Location: Elaine, Arkansas

Year: 2016

Status: Proposal

Program: Memorial

Area: n/a 

In collaboration with Kevin Kunstadt

Several years back, L/AND/A met with Bryan Stevenson of the Equal Justice Initiative to discuss a memorial for a historically under acknowledged racially motivated massacre that had occurred in Elaine, Arkansas in 1919. Conflicting historical accounts of the incident placed the number of individuals killed to be anywhere between 100 – 237 people, while others believe the number to be even higher. EJI was interested in constructing a memorial in Elaine in order to draw greater attention to this particular atrocity as well as to the plight of African Americans throughout the Jim Crow South.

L/AND/A proposed a large rectangular memorial constructed of steel posts; each post would correspond to a specific individual and would be reflective along its length, black along its width. The posts are staggered in plan, but all oriented towards a single, occupiable central viewpoint. The intent was to produce two distinct types of visual experience, each the result of the viewer’s movement through space as they occupied the memorial over time.

The first visual experience of the memorial is one of confusion and lack of specificity. Wandering through the site would be disorienting. The reflective surfaces would at times mirror each other, producing a complex and shifting array of visual information. Or – in an entirely different location – the reflections might render the memorial invisible entirely. Our intent to utilize this visual strategy corresponded to the lack of historical accuracy and understanding about the event as well as our tendency as a society to view atrocities like this from afar, considering them in the abstract and as displaced from reality.  

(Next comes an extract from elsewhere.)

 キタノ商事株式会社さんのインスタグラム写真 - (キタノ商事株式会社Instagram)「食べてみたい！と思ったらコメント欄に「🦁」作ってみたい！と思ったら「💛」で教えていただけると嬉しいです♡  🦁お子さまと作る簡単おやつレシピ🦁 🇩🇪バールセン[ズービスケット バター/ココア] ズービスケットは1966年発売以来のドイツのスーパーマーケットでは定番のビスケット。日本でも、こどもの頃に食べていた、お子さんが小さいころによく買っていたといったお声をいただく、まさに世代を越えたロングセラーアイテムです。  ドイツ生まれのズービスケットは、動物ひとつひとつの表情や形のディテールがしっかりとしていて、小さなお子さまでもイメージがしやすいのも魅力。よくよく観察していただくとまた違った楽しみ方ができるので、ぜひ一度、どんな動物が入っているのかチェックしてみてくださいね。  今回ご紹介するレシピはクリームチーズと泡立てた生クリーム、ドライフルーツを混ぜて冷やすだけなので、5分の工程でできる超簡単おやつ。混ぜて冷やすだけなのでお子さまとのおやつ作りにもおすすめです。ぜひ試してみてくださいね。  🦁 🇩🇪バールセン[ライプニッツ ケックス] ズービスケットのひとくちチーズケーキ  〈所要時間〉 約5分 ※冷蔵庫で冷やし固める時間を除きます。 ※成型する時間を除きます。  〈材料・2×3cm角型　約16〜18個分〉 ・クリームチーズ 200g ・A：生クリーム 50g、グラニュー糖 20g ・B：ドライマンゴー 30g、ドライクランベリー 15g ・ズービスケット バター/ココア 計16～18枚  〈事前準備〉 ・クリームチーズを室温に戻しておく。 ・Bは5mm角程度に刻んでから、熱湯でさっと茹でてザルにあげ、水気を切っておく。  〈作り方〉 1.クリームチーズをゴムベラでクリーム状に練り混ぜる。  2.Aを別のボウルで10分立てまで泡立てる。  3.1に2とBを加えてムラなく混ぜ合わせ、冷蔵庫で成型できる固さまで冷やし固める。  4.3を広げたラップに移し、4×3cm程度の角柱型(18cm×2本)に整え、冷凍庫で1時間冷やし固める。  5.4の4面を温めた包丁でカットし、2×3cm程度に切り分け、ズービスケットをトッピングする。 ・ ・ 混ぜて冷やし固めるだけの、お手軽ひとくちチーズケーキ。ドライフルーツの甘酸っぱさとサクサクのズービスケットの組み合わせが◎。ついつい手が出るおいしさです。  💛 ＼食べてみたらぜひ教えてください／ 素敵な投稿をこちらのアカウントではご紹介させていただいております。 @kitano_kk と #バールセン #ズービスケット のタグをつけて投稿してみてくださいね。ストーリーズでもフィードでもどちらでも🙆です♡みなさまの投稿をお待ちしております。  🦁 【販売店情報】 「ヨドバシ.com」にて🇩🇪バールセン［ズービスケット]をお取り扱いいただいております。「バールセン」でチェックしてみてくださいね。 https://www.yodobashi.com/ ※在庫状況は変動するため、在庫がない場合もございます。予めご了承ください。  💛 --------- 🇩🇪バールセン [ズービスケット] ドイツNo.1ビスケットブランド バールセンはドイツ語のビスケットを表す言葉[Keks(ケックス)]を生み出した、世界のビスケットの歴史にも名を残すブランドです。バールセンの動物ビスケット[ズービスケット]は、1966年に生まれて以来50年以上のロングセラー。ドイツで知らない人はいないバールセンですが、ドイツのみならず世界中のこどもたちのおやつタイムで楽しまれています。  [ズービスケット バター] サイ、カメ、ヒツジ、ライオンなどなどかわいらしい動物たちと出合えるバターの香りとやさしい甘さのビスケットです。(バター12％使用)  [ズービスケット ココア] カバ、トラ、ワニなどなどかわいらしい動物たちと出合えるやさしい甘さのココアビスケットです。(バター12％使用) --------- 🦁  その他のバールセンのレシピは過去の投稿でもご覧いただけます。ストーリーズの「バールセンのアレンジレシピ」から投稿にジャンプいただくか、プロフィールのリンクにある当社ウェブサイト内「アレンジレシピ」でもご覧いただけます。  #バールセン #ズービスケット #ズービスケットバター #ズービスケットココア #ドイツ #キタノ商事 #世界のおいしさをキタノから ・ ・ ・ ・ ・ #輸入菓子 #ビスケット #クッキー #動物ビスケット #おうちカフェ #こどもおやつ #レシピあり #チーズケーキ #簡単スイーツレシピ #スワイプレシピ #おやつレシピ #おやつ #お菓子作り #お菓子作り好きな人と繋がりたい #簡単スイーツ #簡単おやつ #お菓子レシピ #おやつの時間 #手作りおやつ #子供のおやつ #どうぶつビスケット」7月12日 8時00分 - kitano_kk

However, the design’s geometric precision offers a second experience. Along the diagonal that divides the memorial in half is an inclined path that gradually elevates the viewer, placing them at eye level with the top of each vertical post once they’ve reached the site’s center. At this point, the reflective sides of the posts are no longer visible, and only the black edges remain within the viewer’s line of site. The effect is startling: A field of vertical black lines with just the slightest space between them: all clearly visible and uniquely individuated from the very same point of view. In this moment/spot, the viewer encounters the true, objective quantity of lives lost. The design aims to offer a visual counterpoint to the lack of specificity and level of abstraction that often accompanies our historical understanding of such a tragic event.

 
Conceptual Sketch

Conceptual Sketch

Memorial site plan showing perceptual relationship between “centered” viewer and objects.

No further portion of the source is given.